И все же с дороги определенно раздавались голоса, и один из них принадлежал обладателю сна, увиденного Дженни, сна, который пробудил ее к началу новой жизни. Дженни проснулась и захотела, чтобы этот человек стал ей родным. Она подошла к окну, еще окончательно не проснувшись, с заспанными глазами, подталкиваемая любопытством увидеть того, с кем разделила общий сон. День был теплый, в воздухе пахло мятой. Вокруг все зеленело и благоухало, у Дженни даже голова закружилась от цветочной пыльцы. Пчелы давно принялись за работу, жужжа в первых бутонах лавровой изгороди, но Дженни не обратила внимания на их гудение. Ведь в конце дороги стоял он, местный парнишка по имени Уилл Эйвери, шестнадцатилетний подросток, который, несмотря на ранний час, уже напрашивался на неприятности. Его младший брат Мэтт, настолько серьезный, насколько бесшабашный был Уилл, увязался за ним. Братья на спор провели ночь на дальнем берегу озера; победителем объявлялся тот, кто продержится двенадцать часов и не сбежит, даже если в неподвижной воде всплывет легендарная дохлая лошадь. Оказалось, они оба выдержали испытание до самого утра, несмотря на лягушек, грязь и первых комаров, и теперь в воздухе разносился веселый мальчишеский смех.

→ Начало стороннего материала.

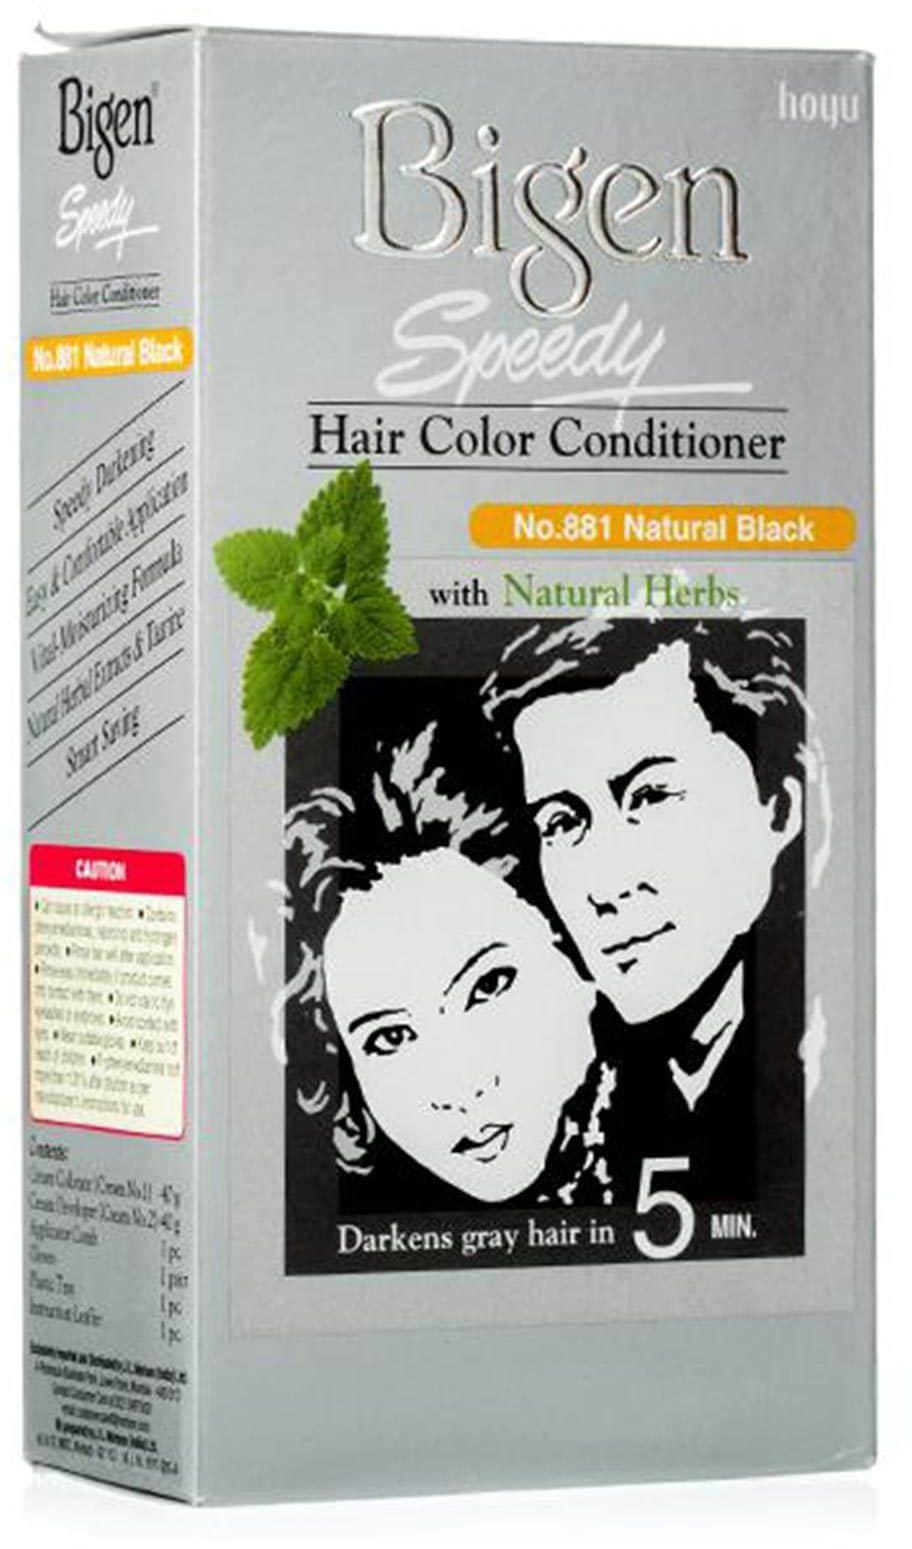 بيجين معالج لون شعر سريع مع الأعشاب الطبيعية رقم 881 أسود طبيعي 80 جرام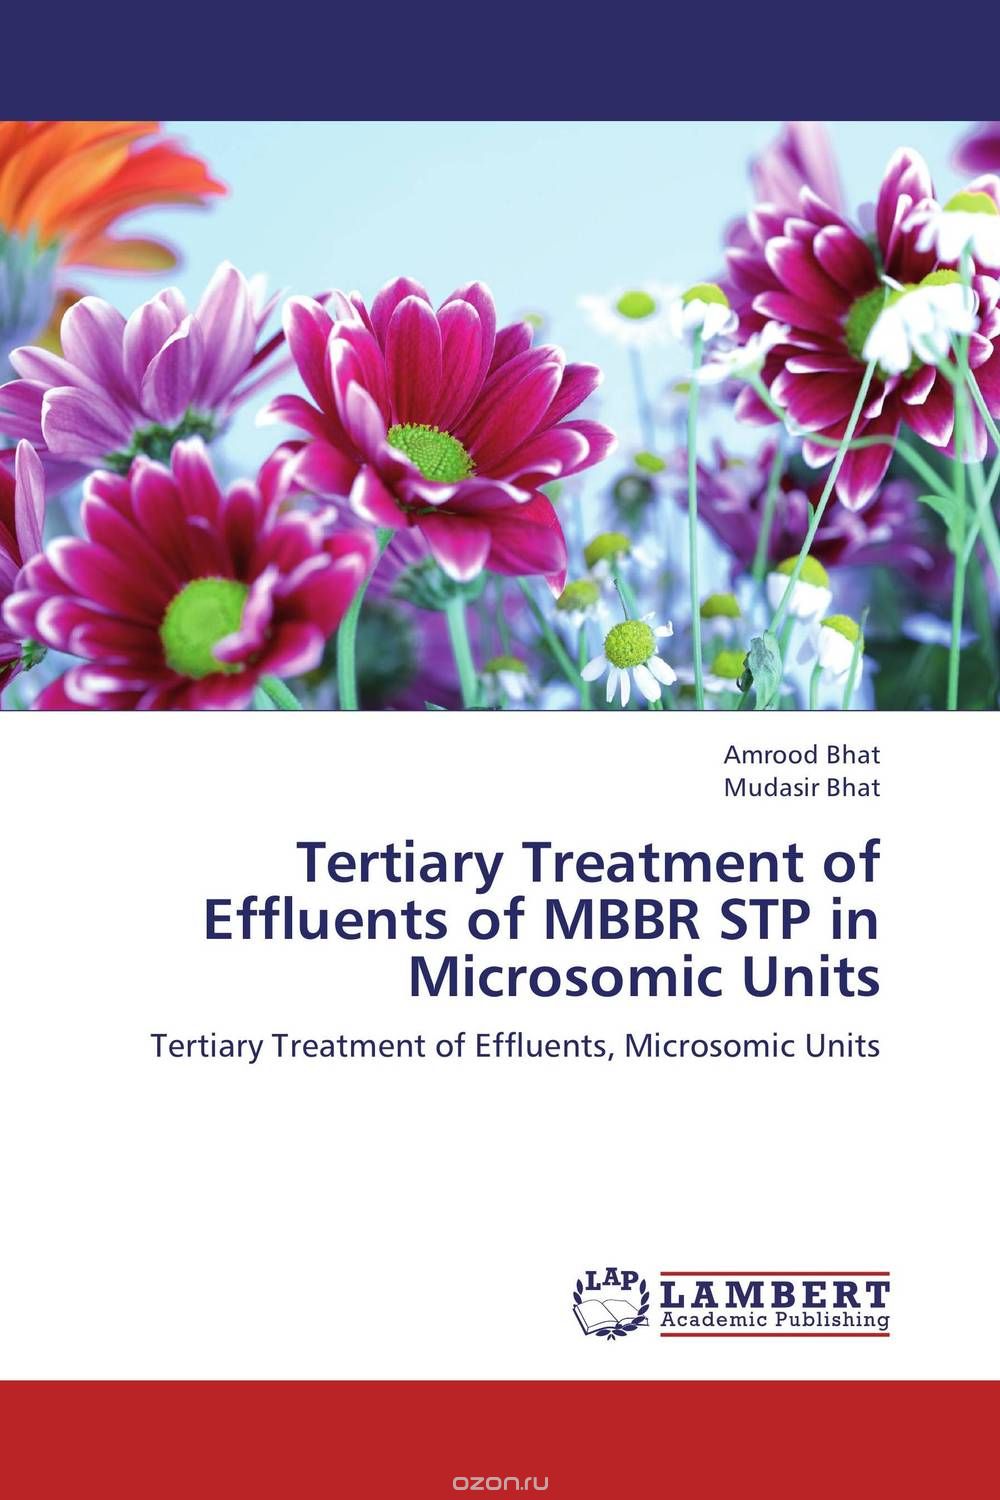 Скачать книгу "Tertiary Treatment of Effluents of MBBR STP in Microsomic Units"

Дженни уставилась на Уилла Эйвери сквозь весеннюю легкую дымку. И тут же поняла, отчего у нее кружится голова. Она всегда благоговела перед Уиллом и стеснялась заговорить с ним. Этот красавчик с золотистыми кудрями держался нахально и думал только о собственных удовольствиях, а потому не считался ни с другими людьми, ни с общепринятыми правилами. Если где-то возникала опасность или затевалось безрассудное озорство, Уилл Эйвери мигом оказывался в нужном месте. Он хорошо успевал в школе, не прилагая никаких стараний, любил от души повеселиться, не боялся рисковать. Если появлялся повод для веселья, если нужно было что-то сломать или сжечь, он оказывался в первых рядах. Люди, знавшие Уилла, опасались за его безопасность, но тех, кто знал озорника очень хорошо, больше волновала безопасность окружавших его мальчишек.
Теперь, когда Дженни увидела его сон, она осмелела. Ей показалось, что Уилл Эйвери уже породнился с ней, что их сны и реальная жизнь переплелись и стали одним целым. Дженни потрясла головой, распутывая волосы, и сложила пальцы крестом на удачу. Она приказала себе ничего не бояться, вроде той бесстрашной женщины в его сне, что была готова пройти по воде ради любимого, — темноволосой незнакомки, смело добивавшейся желаемого.
— Иди сюда, — тихо произнесла Дженни первые слова в день своего тринадцатилетия.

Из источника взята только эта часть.